Researchers from ESET have discovered a new stealthy Unified Extensible Firmware Interface (UEFI) bootkit, named BlackLotus, that is able to bypass Secure Boot on Windows 11. Secure Boot is a security feature designed to detect tampering with boot loaders, key operating system files, and unauthorized option ROMs by validating their digital signatures. BlackLotus is the first UEFI bootkit that is able to bypass the security feature on fully up-to-date Windows 11 systems.
The powerful malware is offered for sale at $5,000, with $200 payments per new updates. Black Lotus is written in assembly and C and is only 80kb in size, the malicious code can be configured to avoid infecting systems in countries in the CIS region. The malware supports anti-virtualization, anti-debugging, and code obfuscation. It is able to disable security solutions, including Hypervisor-protected Code Integrity (HVCI), BitLocker, and Windows Defender. Black Lotus is able to bypass security defenses like UAC and Secure Boot, it is able to load unsigned drivers used to perform a broad range of malicious activities.
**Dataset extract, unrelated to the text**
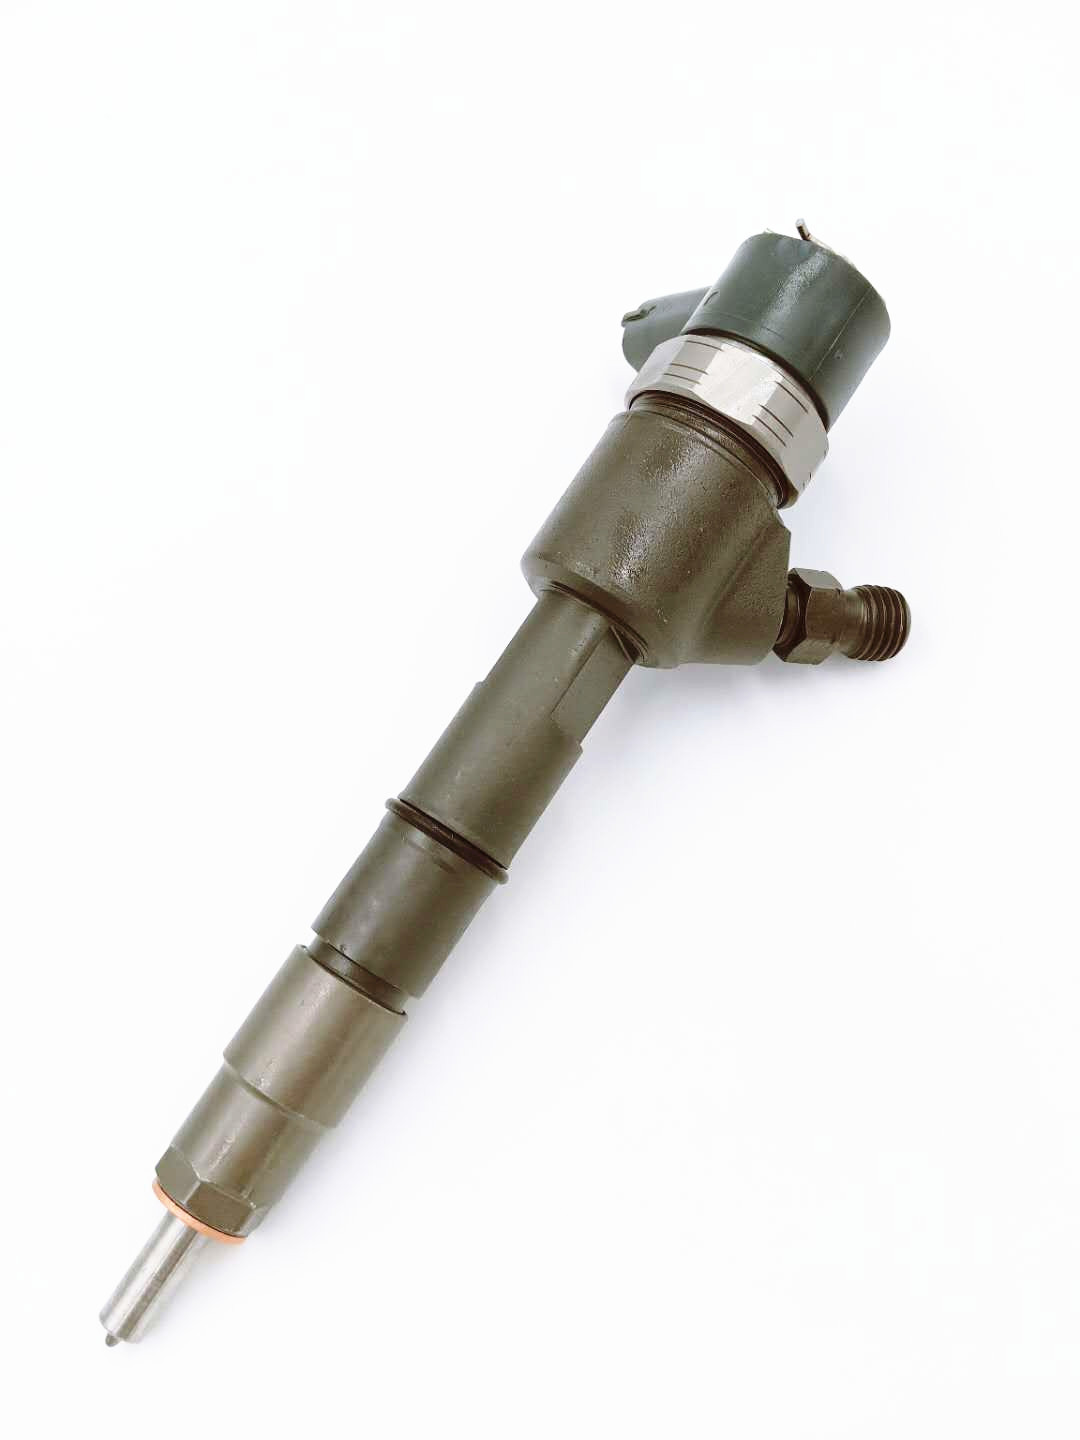 Diesel Injector Fuel Injector 0445110691 Bosch for BAW Foton Cummins

It can achieve persistence at the UEFI level with Ring 0 agent protection and supports a full set of backdoor capabilities.
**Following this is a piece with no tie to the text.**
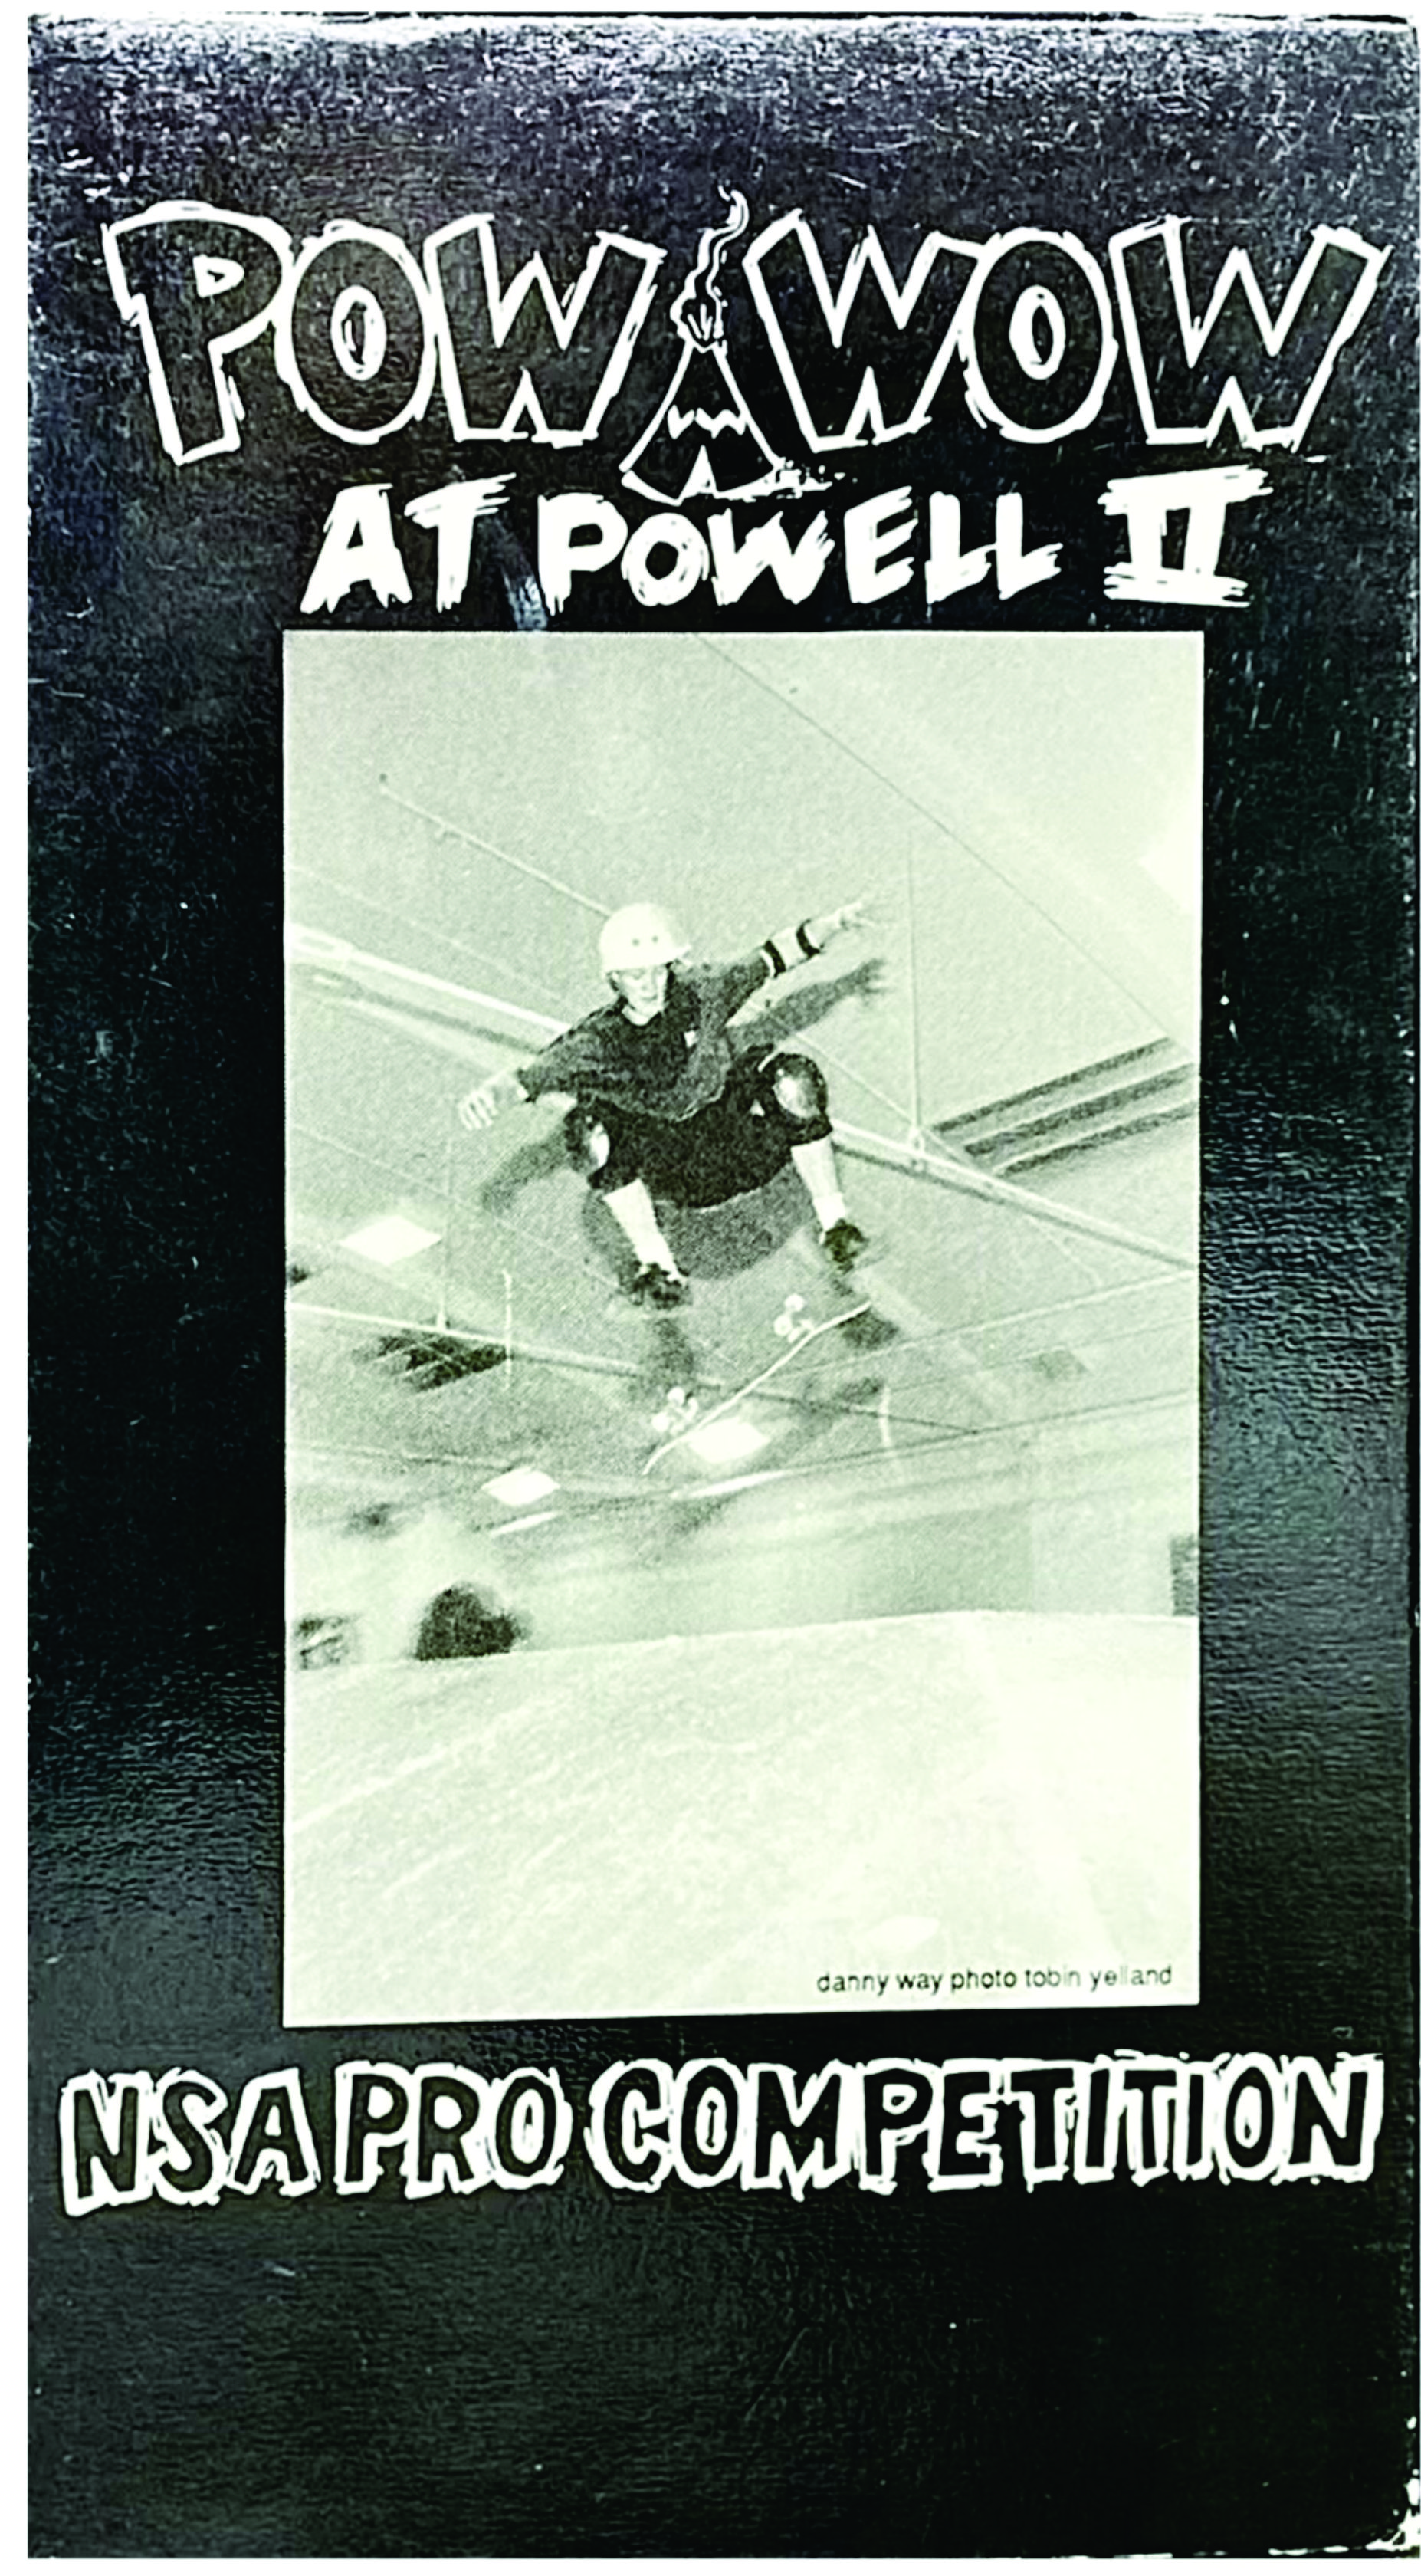 NSA - Pow Wow At Powell II cover art

Scott Scheferman from firmware security firm Eclypsium commented, “Considering this tradecraft used to be relegated to APTs like the Russian GRU and APT 41 (China nexus), and considering prior criminal discoveries we’ve made (e.g. Trickbot‘s #Trickboot module), this represents a bit of a ‘leap’ forward, in terms of ease of use, scalability, accessibility and most importantly, the potential for much more impact in the forms of persistence, evasion and/or destruction.”
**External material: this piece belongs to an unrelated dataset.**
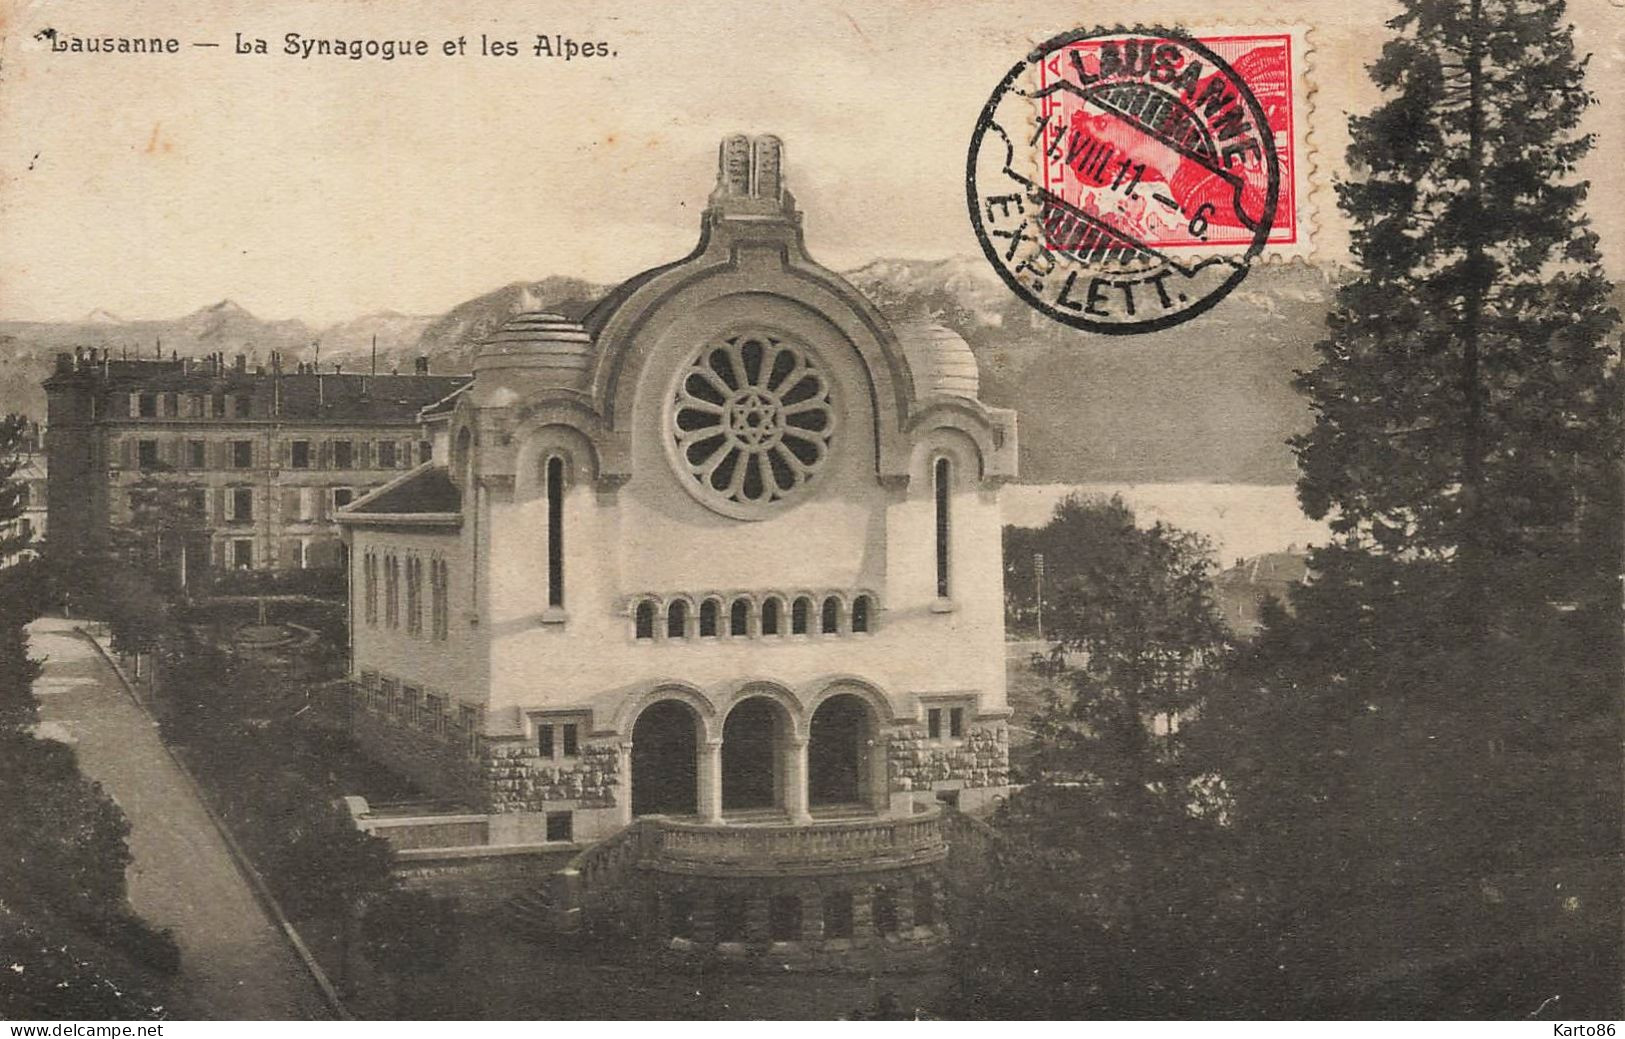 Lausanne , Vaud * La Synagogue Les Alpes * Judaica Synagoge Temple Israélite Juif Judaisme Jew Jewish Suisse Schweiz - Judaisme

The bootkit exploits the vulnerability CVE-2022-21894 to bypass UEFI Secure Boot and maintain persistence. This is the first publicly known bootkit that abuses this vulnerability in the wild. Upon successful installation of the bootkit, the malicious code deploys a kernel driver and an HTTP downloader, used for C2 communication, which can load additional user-mode or kernel-mode payloads.
Unfortunately, due to the complexity of the UEFI ecosystem and related supply-chain problems, many of these vulnerabilities have left many systems vulnerable even a long time after the vulnerabilities have been fixed – or at least after we were told they were fixed. It was just a matter of time before someone would take advantage of these failures and create a UEFI bootkit capable of operating on systems with UEFI Secure Boot enabled. As Eclypsium suggested last year in their RSA presentation, all of this makes the move to the ESP more feasible for attackers and a possible way forward for UEFI threats – the existence of BlackLotus confirms this.